W Capital Closes On $250M Fund –

Much of the secondary private equity community doesn’t want to touch shares in venture funds, let alone venture portfolios. Secondary buyers think buying venture portfolio assets would be a long bad trip featuring overvalued assets that are difficult to price and problematic to manage.

One of the small band of secondary contrarians who see direct private equity and venture assets as a promising market is W Capital Partners. The secondary firm announced last week that its inaugural institutional fund, W Capital Partners LP, closed with $250 million in commitments.

We’ve never done a secondary LP deal and we don’t intend to,” says David Wachter, who manages the firm with fellow general partners Robert Migliorino and Stephen Wertheimer. “We recognized the pipeline of deals early on. We built a set of processes and methodologies that allow us to be efficient and offer sellers high probability of closure. We have a due diligence process that was designed to address direct secondaries.” While the fund is mandated to explore any and all private equity assets, Wachter expects to be much more active in buying venture capital portfolios. “Much more opportunity exists in the venture capital side than the private equity side,” he says.

Institutional limited partners in the fund include the California Public Employees’ Retirement System (CalPERS), Columbia University, the Fire and Police Pension Association of Colorado and the Public Employee Retirement System of Idaho, which are each advised by Hamilton Lane Advisors. Rhode Island Employees’ Retirement System through the Pacific Corporate Group and Goldman Sachs’ VF Holdings also signed up to commit. The fund also has endowments, foundations and high net worth individual investors as well as some European institutional investors.

The New York-based firm had an initial goal of $150 million for the fund. It held a first close in January with $101.2 million and closed on an additional $71 million in late March.

San Francisco-based Probitas Partners served as a placement agent on the fund.
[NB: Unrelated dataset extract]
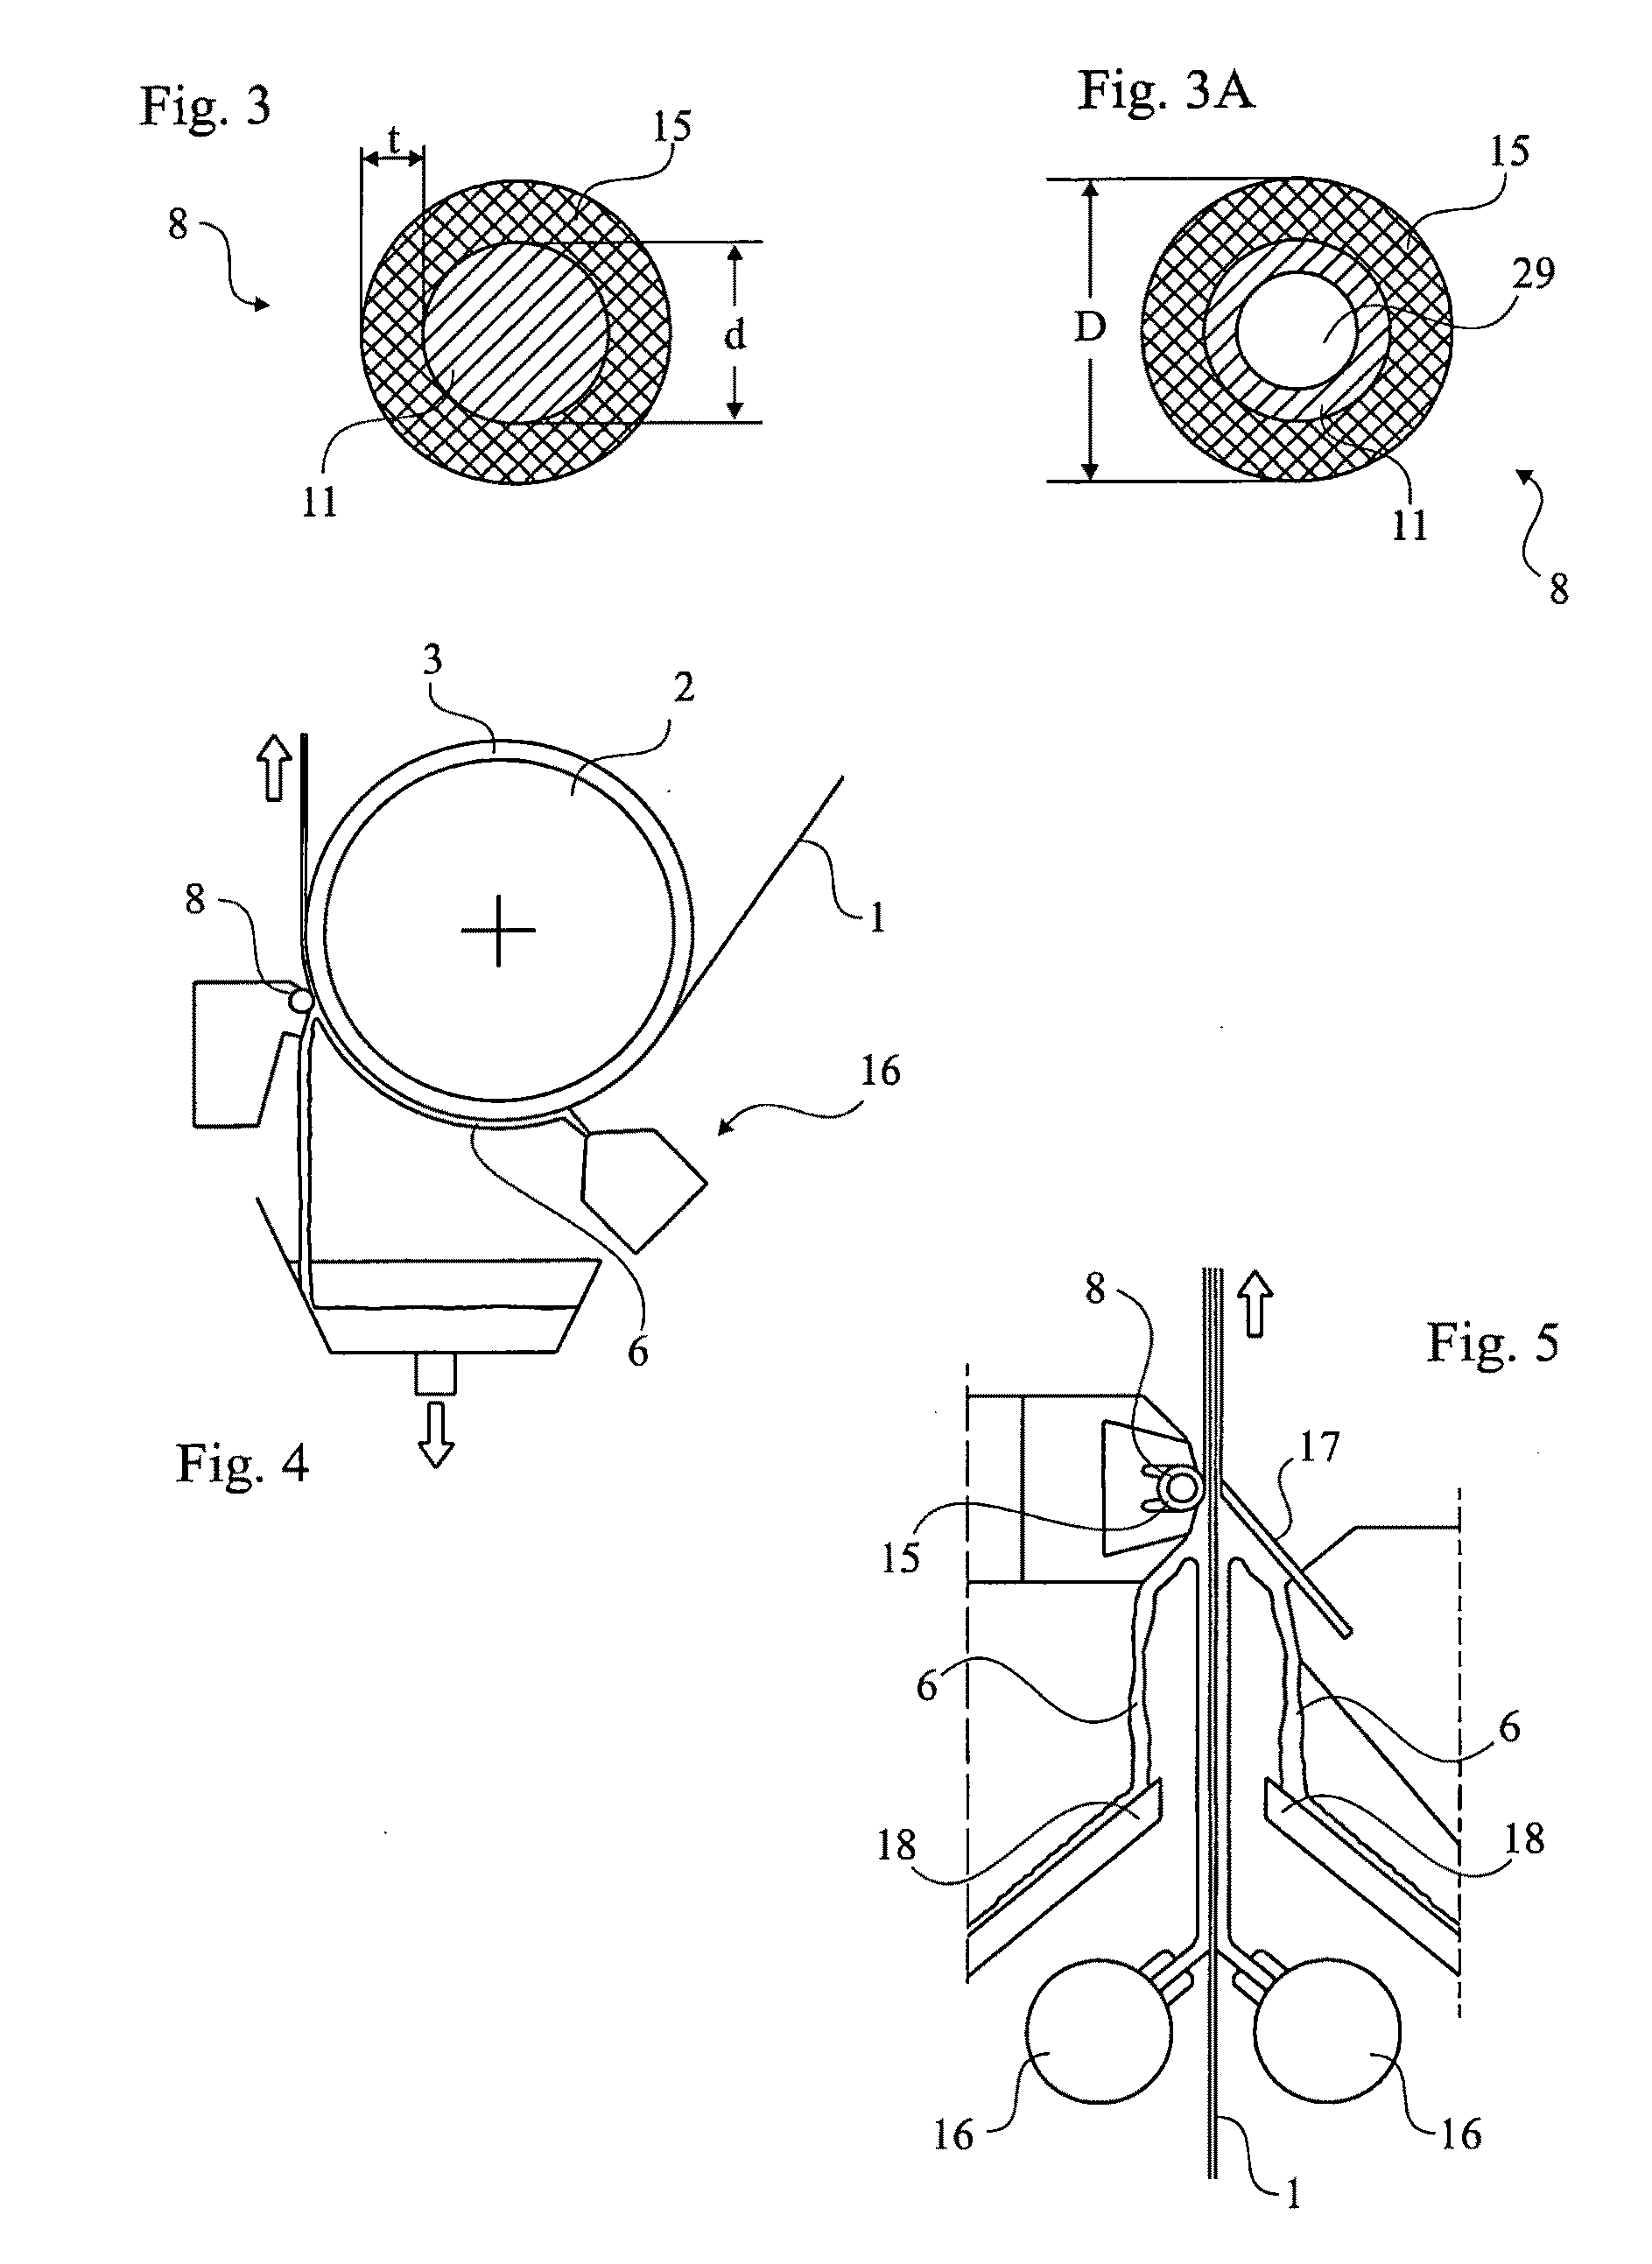 Device and Method for Coating
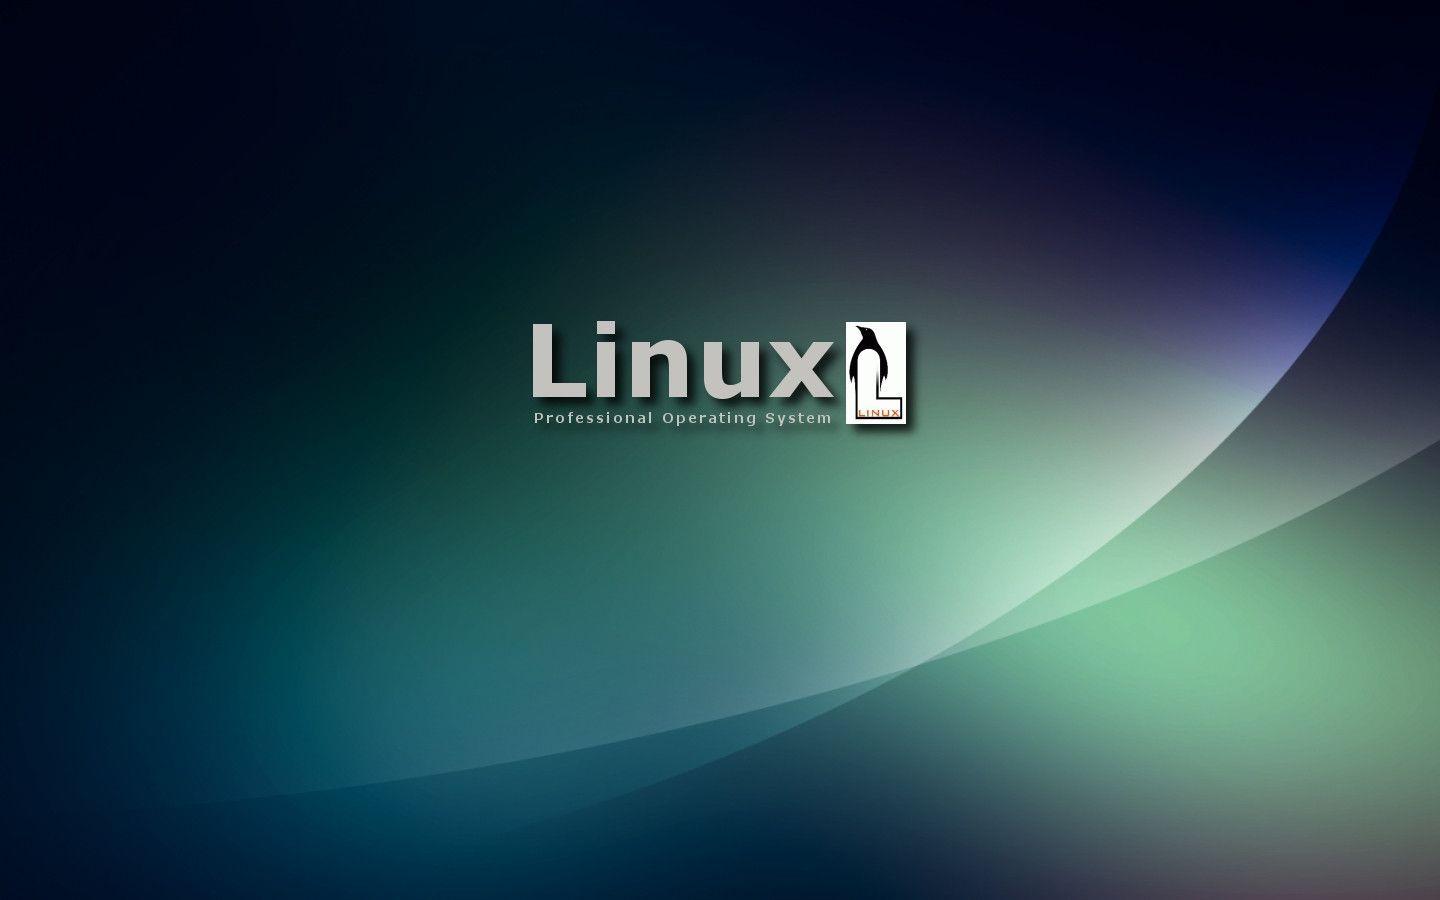 WallpapersWide.com : Linux Ultra HD Wallpapers for UHD, Widescreen,  UltraWide & Multi Display Desktop, Tablet & Smartphone | Page 1

Craig Marmer, a partner with Probitas, says the firm’s ability to close deals at a steady pace proved that there is a long-term opportunity for direct portfolio deals. “The biggest issue was understanding the market and having an appreciation that this was not just a quick market aberration but an ongoing market opportunity,” Marmer says. “What makes this a longer term business opportunity is that this is no longer a large scale sale of Internet or telecom companies but people are using this as a portfolio management tool to sell off non-strategic assets.”

W Capital has closed on six private equity portfolios so far. The only one the firm has made public so far has been the March 2003 acquisition of all the direct investments in life sciences, communications and information technology of Tredegar (NYSE: TG). W Capital partnered with Goldman Sachs on the deal, with Goldman buying Tredegar’s private equity fund stakes.